I run my fingers through his hair brushing them behind "Wake up husband wake up" I whisper in his ear and a smile automatically forms on his lips, he hums and pulls me closer "We are not here to sleep, are we? Get up and let's go somewhere" I play with his earlobe which is surprising cold.

"Few more hours Kinza" he mumbles and I roll my eyes at his truthiness, he knew he will not wake up in five minutes so he directly said the truth without bothering to give me fake hope.

"I want to go out" I mumble and when he hears that he opens his eyes, he rubs his eyes and again wraps his arm around my waist to pull me closer. I don't remember cuddling to him like this before, I love this and I wish he could do the same back in Jiddah without waking me up like a Mother everyday.

"We are staying for a week sweetheart, you can visit as much as places you want, for now let me sleep" he again closes his eyes and snuggles closer in the crook of my neck, and I control the urge of smacking his head, didn't want to end up on the ground with sore butt in the morning.

Not feeling sleepy at all I admire the ceiling and wait for him to again fall in a deep slumber.

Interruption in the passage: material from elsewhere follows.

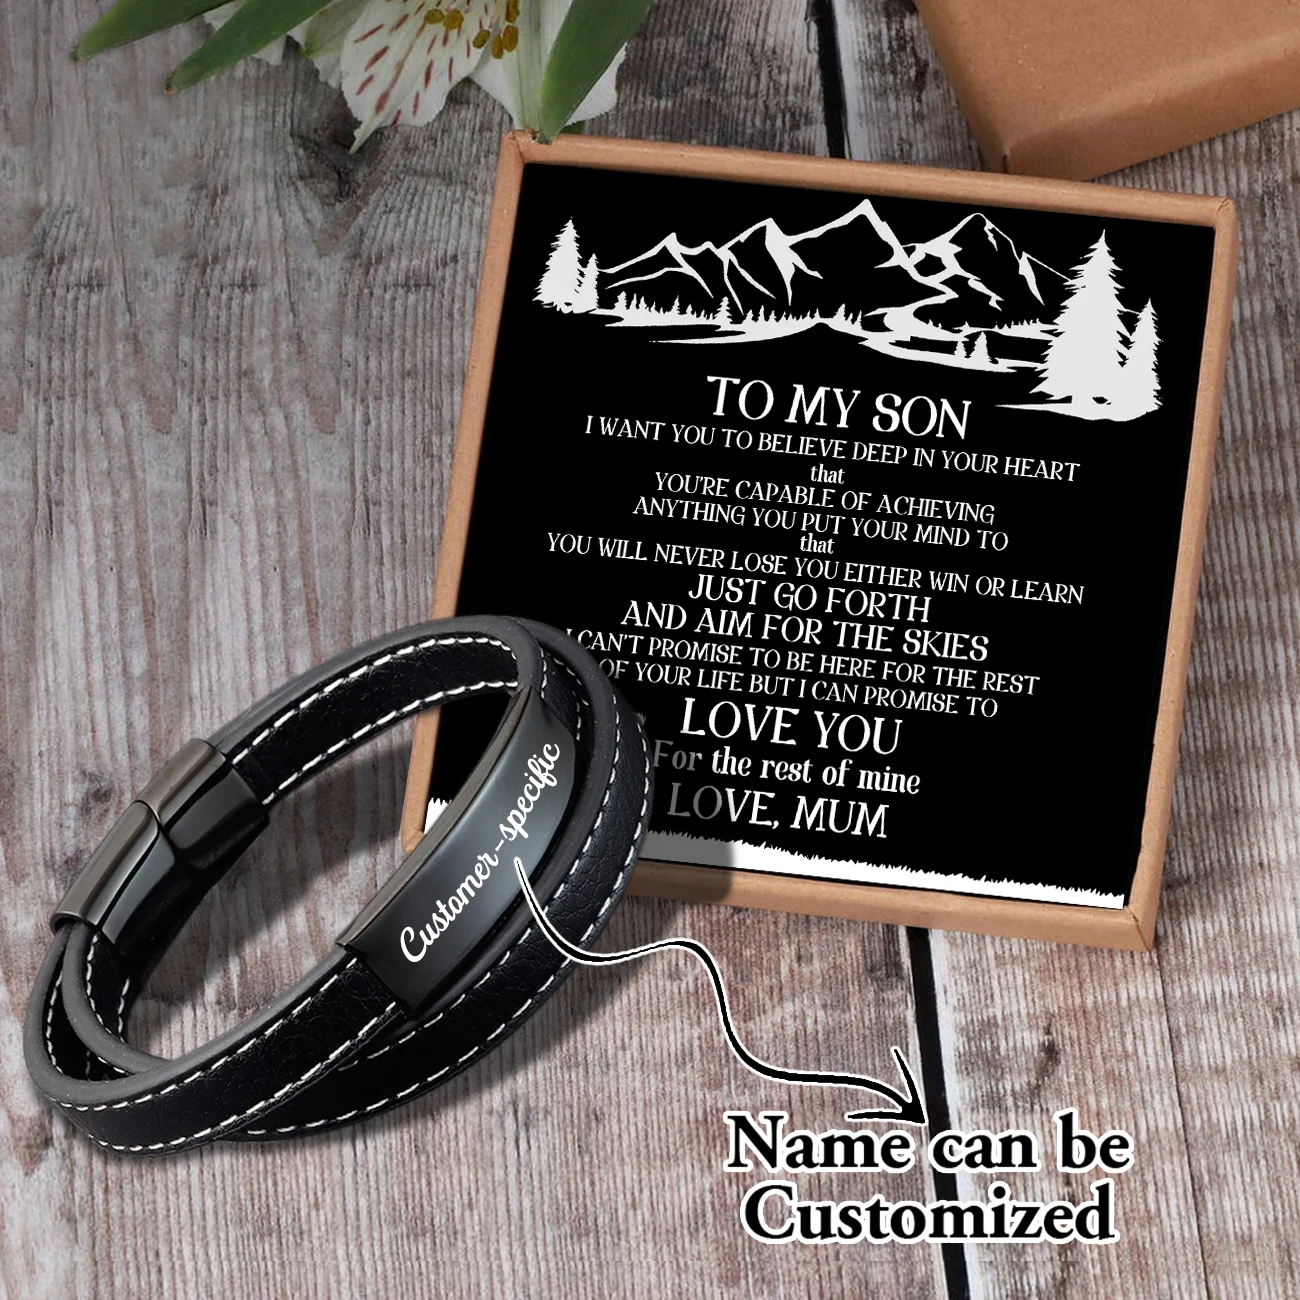 

Sam3012 Mum To My Son Name Can Be Customized Woven Bracelet Card text Men's Fashion Magnet Clasp Multi-layer Leather Bracelet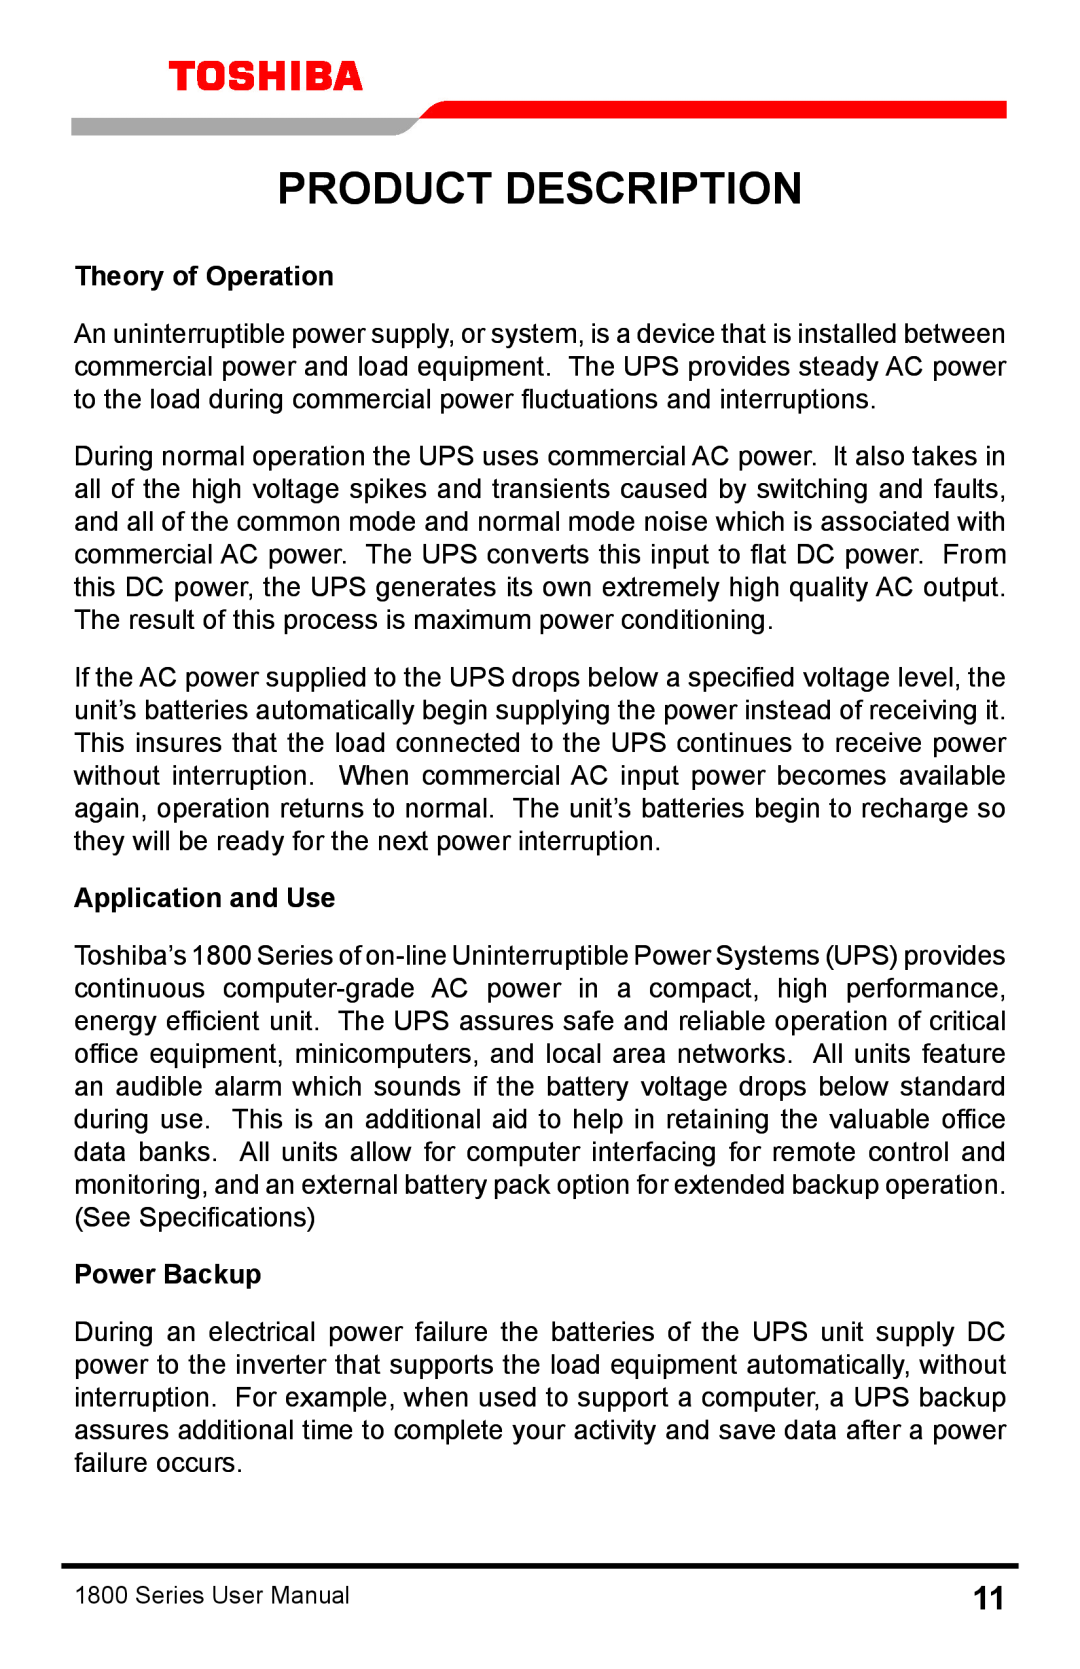 Toshiba 1800 manual Product Description, Theory of Operation, Application and Use, Power Backup

When I hear his breathing getting normal and even, I carefully hold his hand to remove it from my waist and quietly I slip out of the bed.

"That was a difficult task" wiping my fake sweat from my forehead and letting out a deep breath as if I have just solved the most difficult clue. I stand beside the bed with my hands on my waist.

"What should we do now?" Speaking to myself is fun "you are independent women, you can go out but I don't know how independent the men's out here our and I don't want to get into any trouble...hmm so I guess I should order something unhealthy and vibe on some song. Yup let do that!" I March towards the washroom to get freshen up after admiring the washroom again and after solving the difficult maths in the washroom which has alien taps and showers that made me stand there and look at it for few seconds not knowing how to operate it but then I remember my tutor husband teaching and after using my little mind and after remembering all the studies he taught me yesterday I take a very good slow bath.